ABSTRACT

People make decisions in response to a variety of desires, resources and needs. And the same is obviously true for migration decisions. Although push-and-pull theories or neo-classical approaches to migration have been criticized for their simplifying view (Faist 2000, Castles et al. 2014), migration scholarship still tends to focus on one mostly isolated cause of movement, such as economic, educational, career or forced aspects. These factors are usually equated with a corresponding subjectivity and the lifeworlds that these people are seen to inhabit. An approach focusing on economic factors would describe migrants as workers who search for higher wages. Other factors, such as personal and family experiences, are usually outside the scope of such deterministic descriptions.
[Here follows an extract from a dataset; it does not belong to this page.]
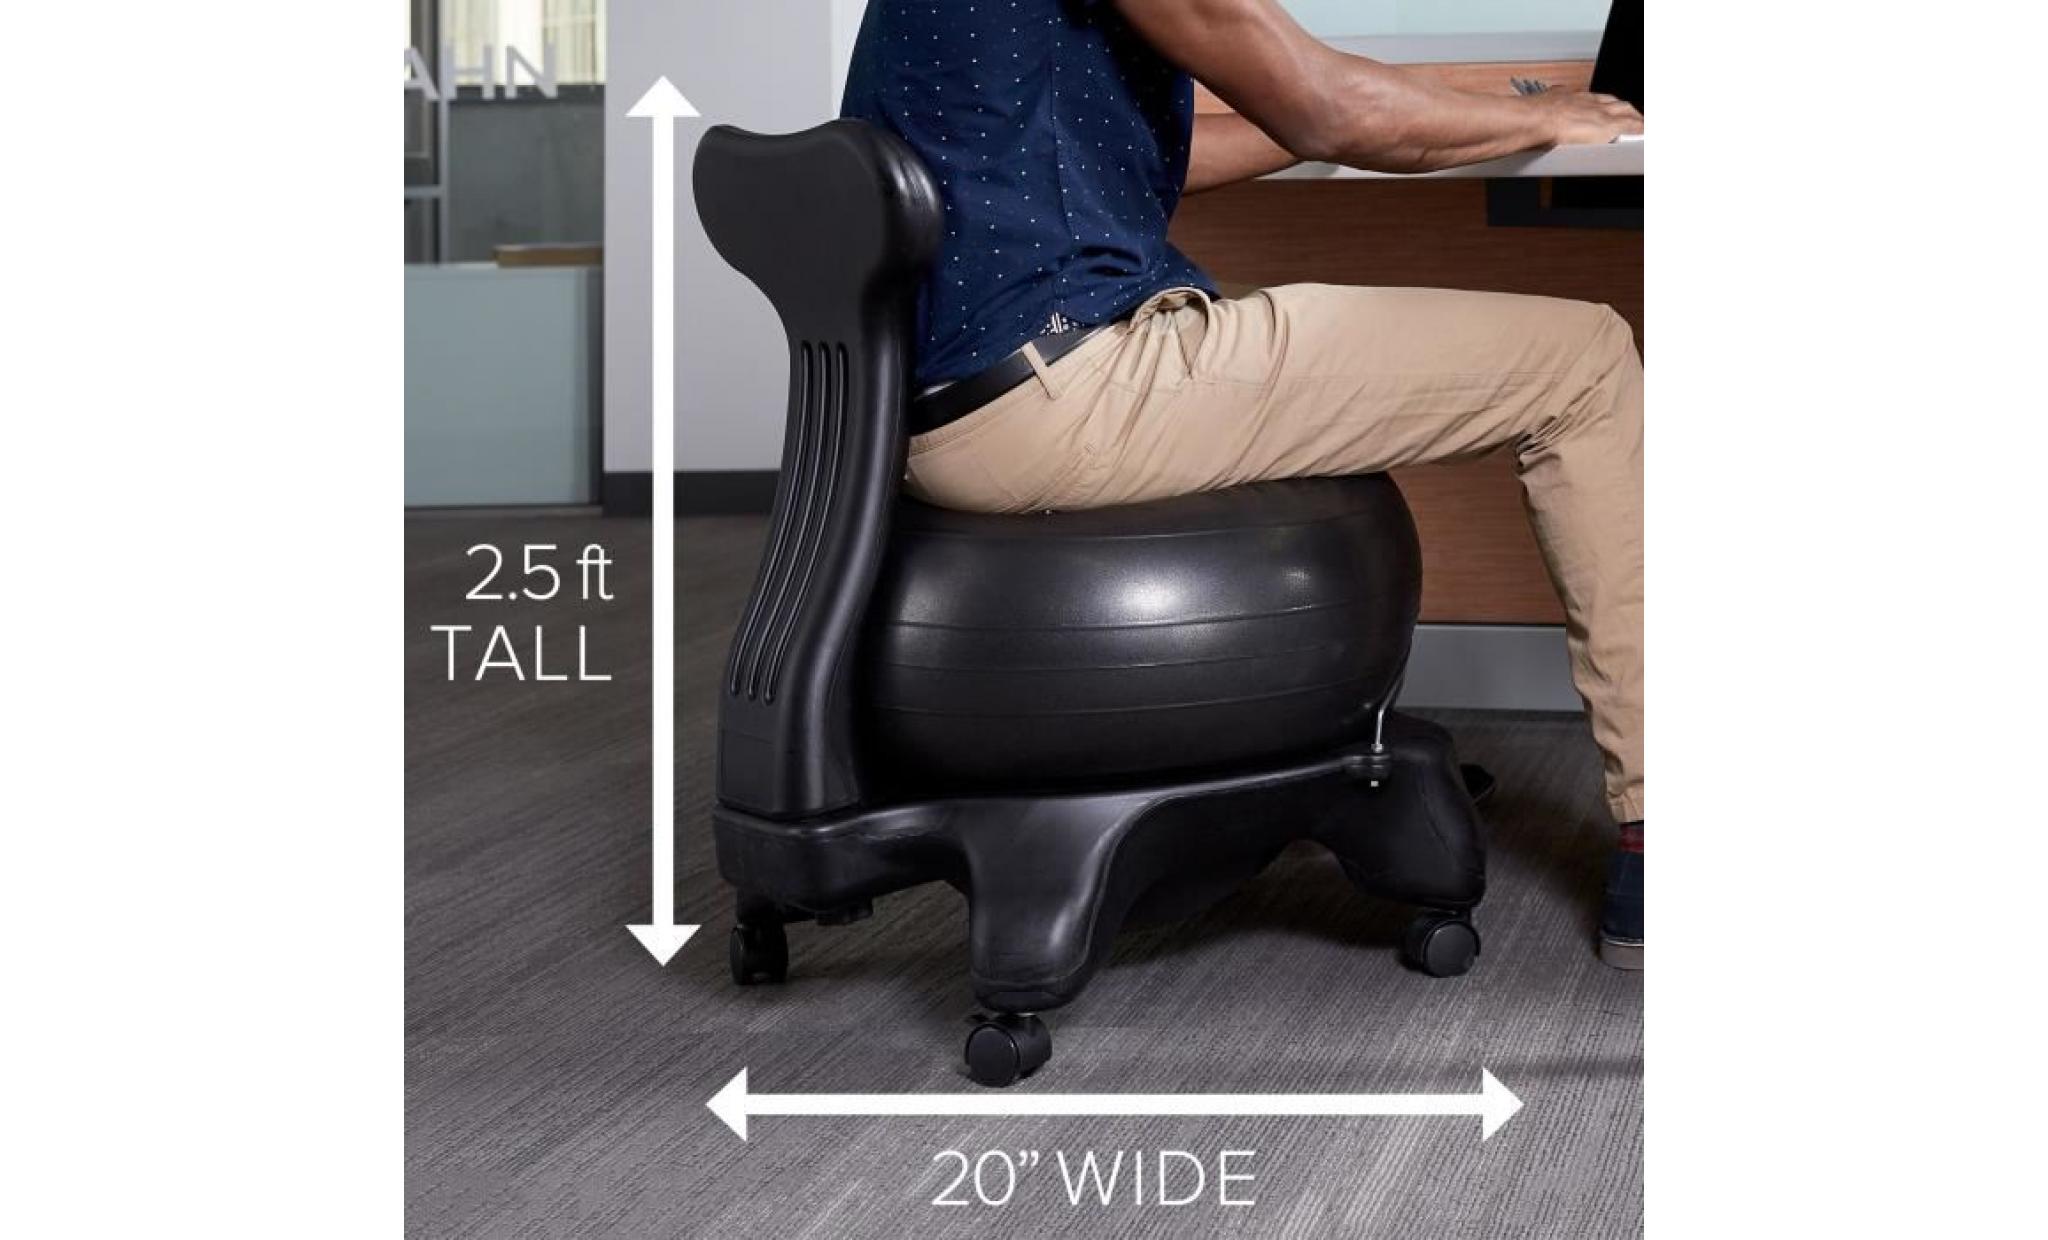 classique balance ball chair   yoga exercice stability ball haut de gamme chaise ergonomique pour la maison et offi wt4dl pas cher

In contrast, the framework employed in this book places people’s decisions in relation to cultural beliefs and social patterns that produce certain expectations regarding migration. Such a view shifts attention from the conventional exploration of objective causes (“why do people migrate?”) to a more subjective stance (“why do people think that migration is something beneficial”)? Such a subjective stance aims to enhance our understanding of the complex phenomenon of migration. It underlines that migrants do not act in a mechanistic way, but that they make decisions in a given sociocultural and historical space. Their decisions reflect the social and cultural circumstances in their local environments as well as international trends. Migrants’ decisions about movement thus need to be interpreted with reference to the larger cultural and social spaces within which people come to think about migration. Expectations, as has been detailed in Chapter 1, are the analytical tool used in this book to understand who is seen as having to migrate, where they migrate to and what form their migration takes. These expectations are also linked to the perceived outcomes of specific forms of migration. They are anchored into the normative sets of social spaces that enact “symbolic power” (Bourdieu 1989) because they define socially accepted ways of being and doing.